Chapter 24: Party at My Place!

“Isn’t this party great?” Touma shouted as he saw Emi walking by. He had a glass of Doros Prime in his hand, so he was most likely far past the point of sobriety. If her brother was no longer of a sound mind, that gave Emi legal recourse to ignore anything he said and grumble about having to wear this annoying dress.

The corset was so tight she felt like she was going to burst.

This party, being held at Emi’s house, was one of the biggest and most prolific of the year. Even though they had a large house, the sheer number of people here made it a relentlessly crowded experience. She finally understood why the L’Hime Family home was so spacious– it was all for this precise kind of event, for the occasions when occupancy went from fifteen to fifteen hundred.

To say that Emi hated crowds was to say that crows were black. And to say that Emi hated this party was to say that the sun rose in the morning, and the moons rose in the evening. To say that this was one of the worst events Emi had ever attended would only barely qualify as an exaggeration. 

The colors alone gave her a headache; every rich person here wore their own loud-colored dress, creating a clash of rainbows against the shiny gold-and-white decorations of the party itself placed around the foyer. It was so bright that the blind would grumble about it.

With such a massive number of people smushed into the foyer, the rich person smell was particularly pungent tonight. The odor of cheap perfumes, of white wine against bad breath, of wig powder and sweaty breeches. No matter how much money these people had, they somehow couldn’t prevent themselves from smelling like a rotten salmon bind.

Because the Empress-Consort was here to take part in the festivities, having already mingled into the crowd of colorful smelly dancers, so too were her contingent of Dannark guardsmen, two posted at every corner of the foyer and several more wandering in and out. Surely nothing would happen to her at a party like this, but the very threat of it was constantly reminded by the presence of all these gray-armored guards.

And to cap it all off, a small orchestral ensemble was playing traditional tunes, making the scene almost literally deafening at times. So, the perfect way to torture a young girl who didn’t even want to be here.

Emi hated crowds. She hated rich old people standing around laughing while they talked about bureaucratic drivel. She hated all of this! The stress was making her sweat her armpits off. Soon, she’d be just as smelly as everyone else.

Tia Knoll passed by, dressed up in a silk gown and wearing a jet black wig with hair going down to his waist. Many guests at the party were ogling him even as they ignored Emi and her expensive, hours-long-fitted dress. He was outstaging Emi and wasn’t even a girl. She really hated when he showed off his crossdressing skills at every single party and got the same rousing reactions each time.

“I have already received marriage propositions from ten suitors, including a noble from Dannark. Shall we compare numbers?” Very modest of him.

“Seeing as I’m currently engaged, I wasn’t keeping count,” Emi said.

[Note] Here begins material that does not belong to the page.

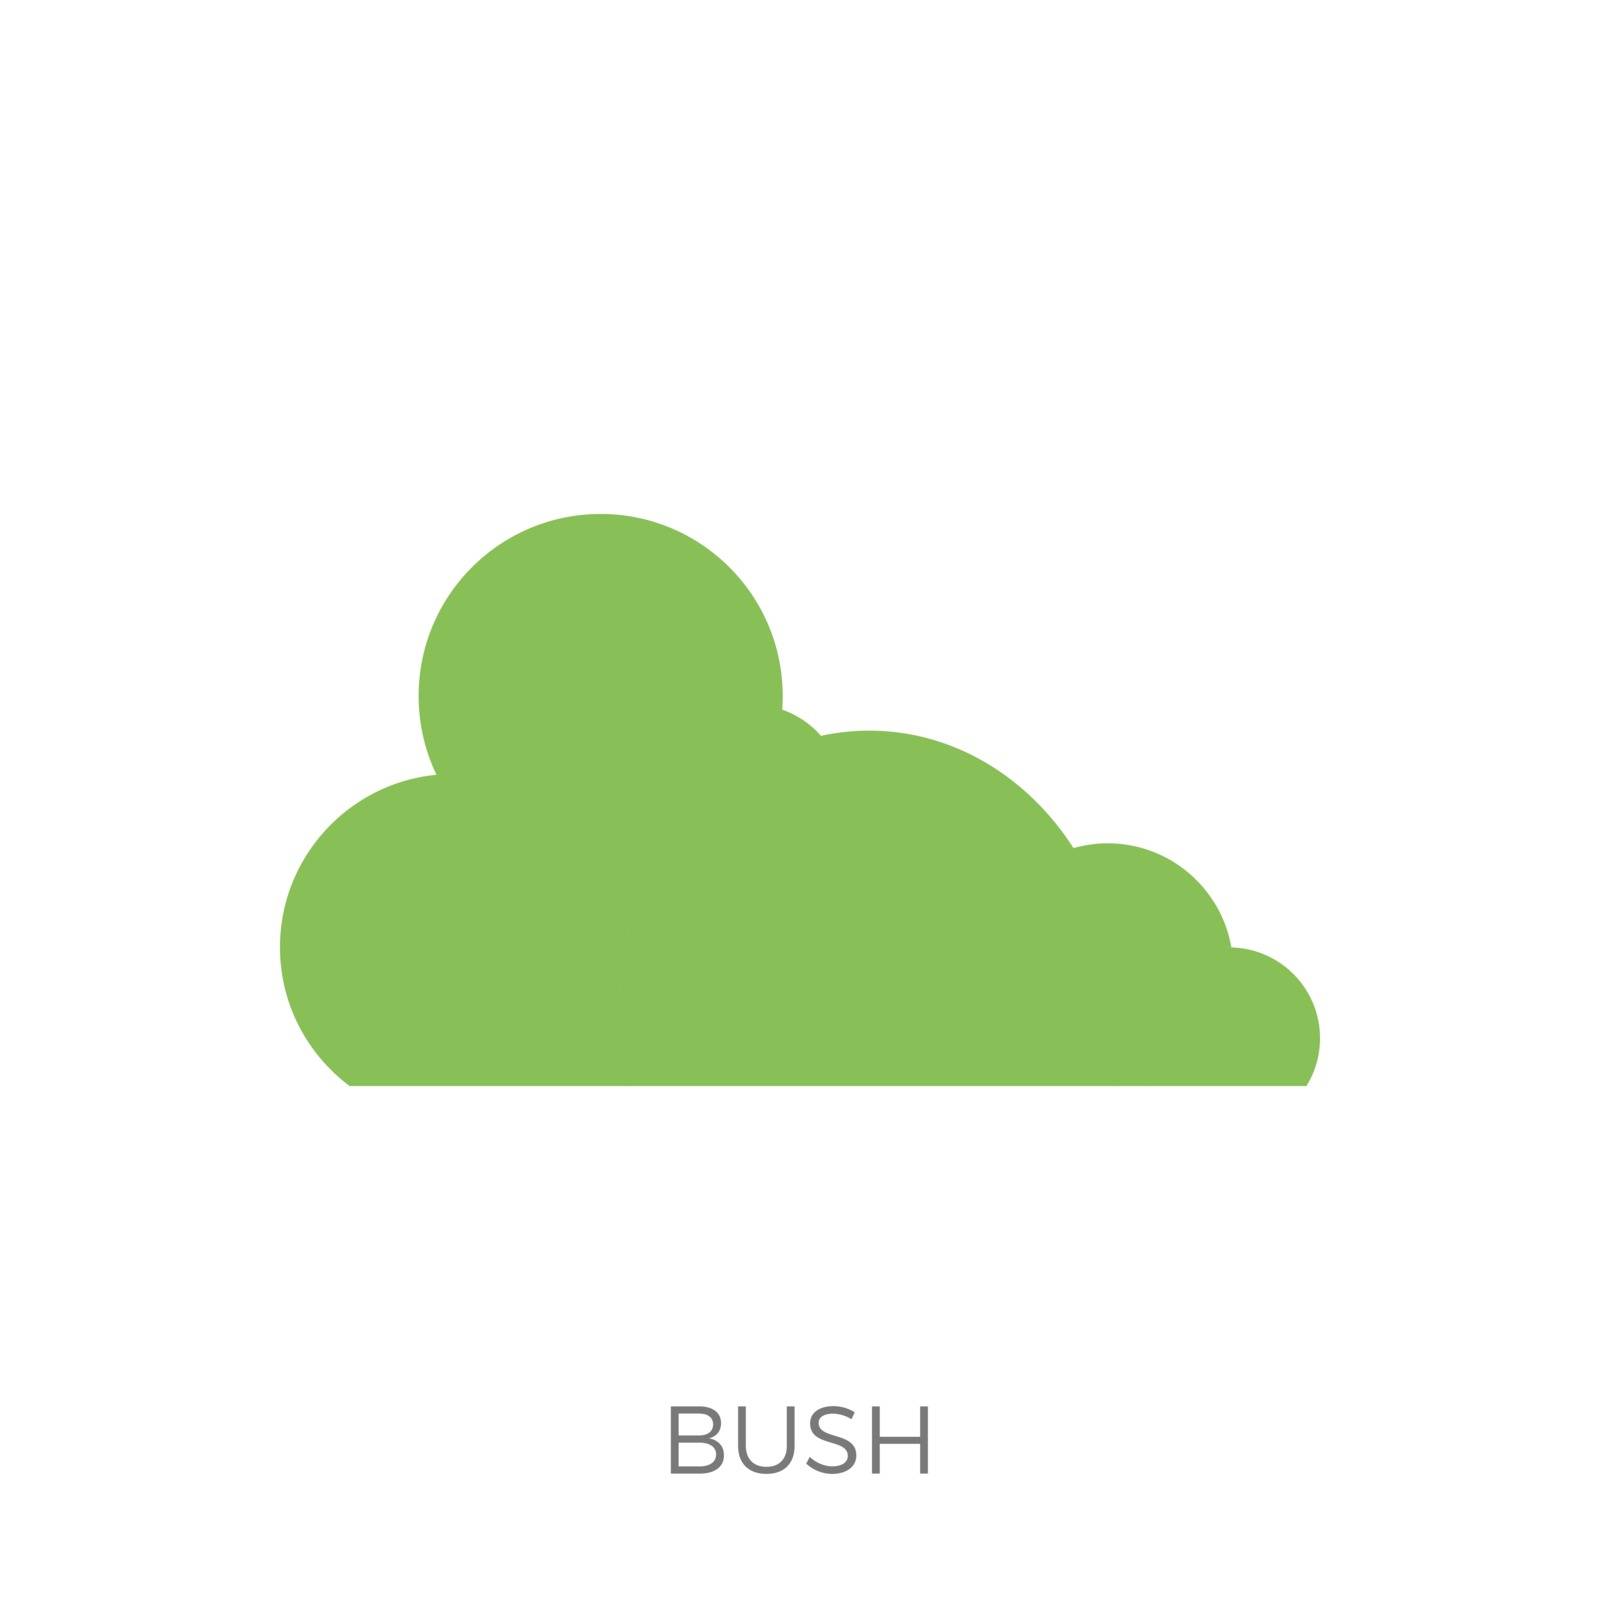 Bush Icon Vector by smoki

“Well, I have a boyfriend, but that does not keep me. It’s all in good spirits.” 

“You’re a fiend.”

“Oh, Emi, you need to have some fun. Your brother certainly is.” He pointed to Touma, who had exchanged his glass of Doros Prime for the whole bottle. His arm was wrapped around the shoulder a woman who looked about as far gone as he did. They laughed so loudly Emi could hear them from here.

“If I don’t save him, he’s going to be knocked out and arrested for harassing the Empress-Consort, isn’t he?” Emi mumbled.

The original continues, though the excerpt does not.